§ GOAL OF THE EXERCISE
Go through the listing below, and from the line containing "38cb4dd8ce9af5 Football shoes" through its last line, transcribe every line exactly, skipping pictures.

§ INPUT DATA
┌──

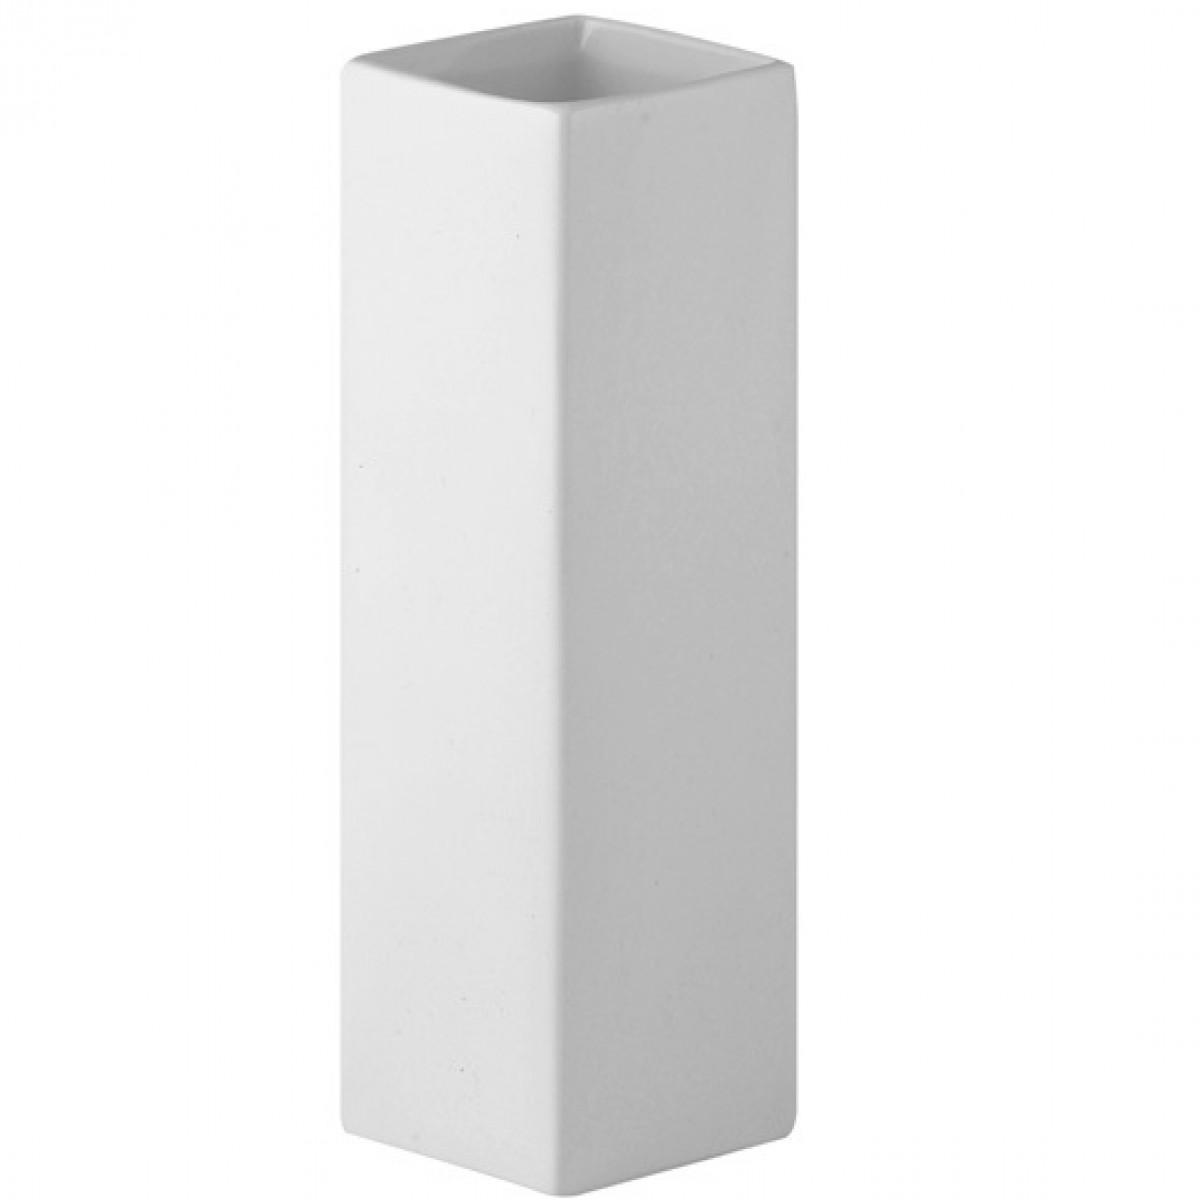 Cube White 12x12x25cm Acrylic Vase - 1 No
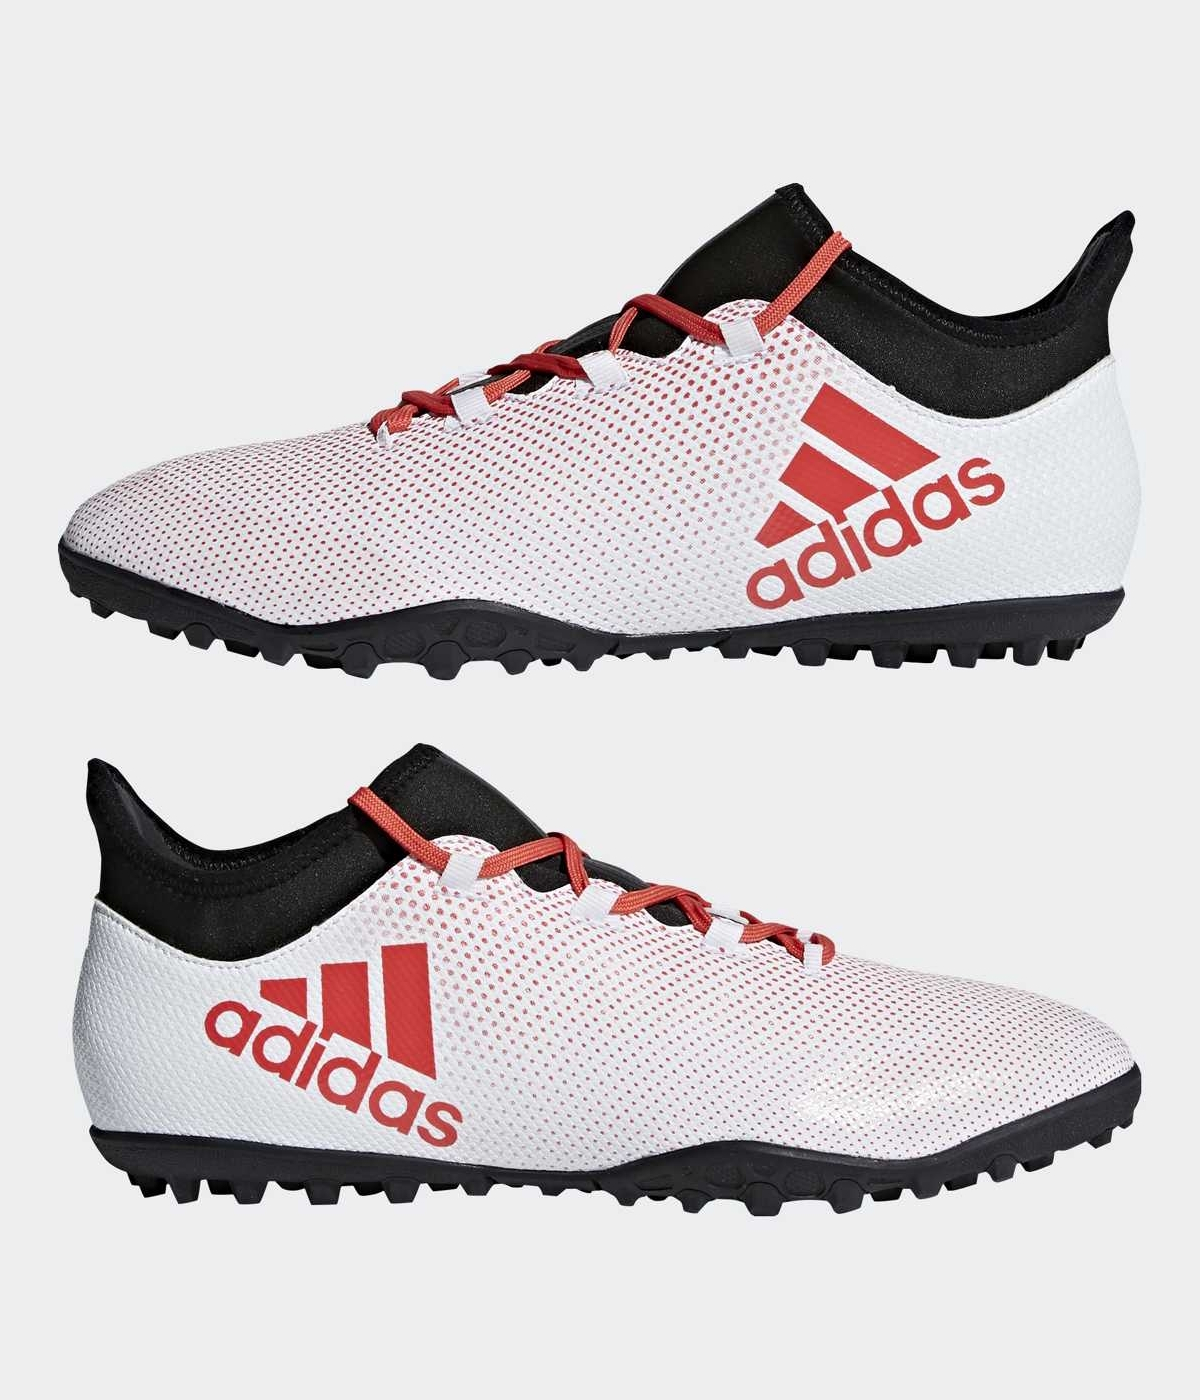 38cb4dd8ce9af5 Football shoes Adidas football shoes X Tango 17.3 Grey Five-a-side ...
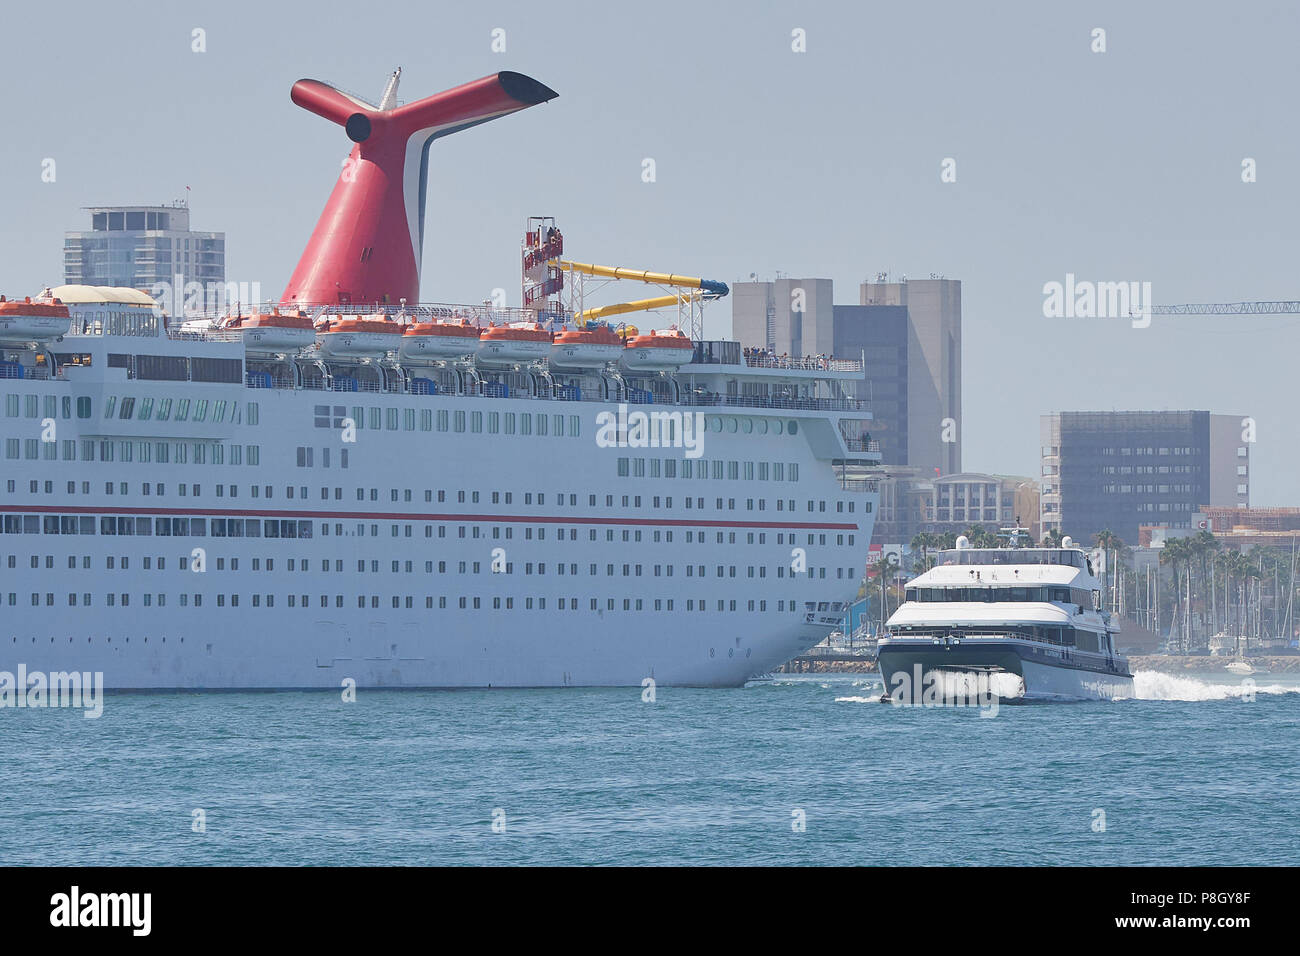 catalina express seacat catalina jet passes the carnival

└──

§ YOUR RESPONSE
 38cb4dd8ce9af5 Football shoes Adidas football shoes X Tango 17.3 Grey Five-a-side ...
 catalina express seacat catalina jet passes the carnival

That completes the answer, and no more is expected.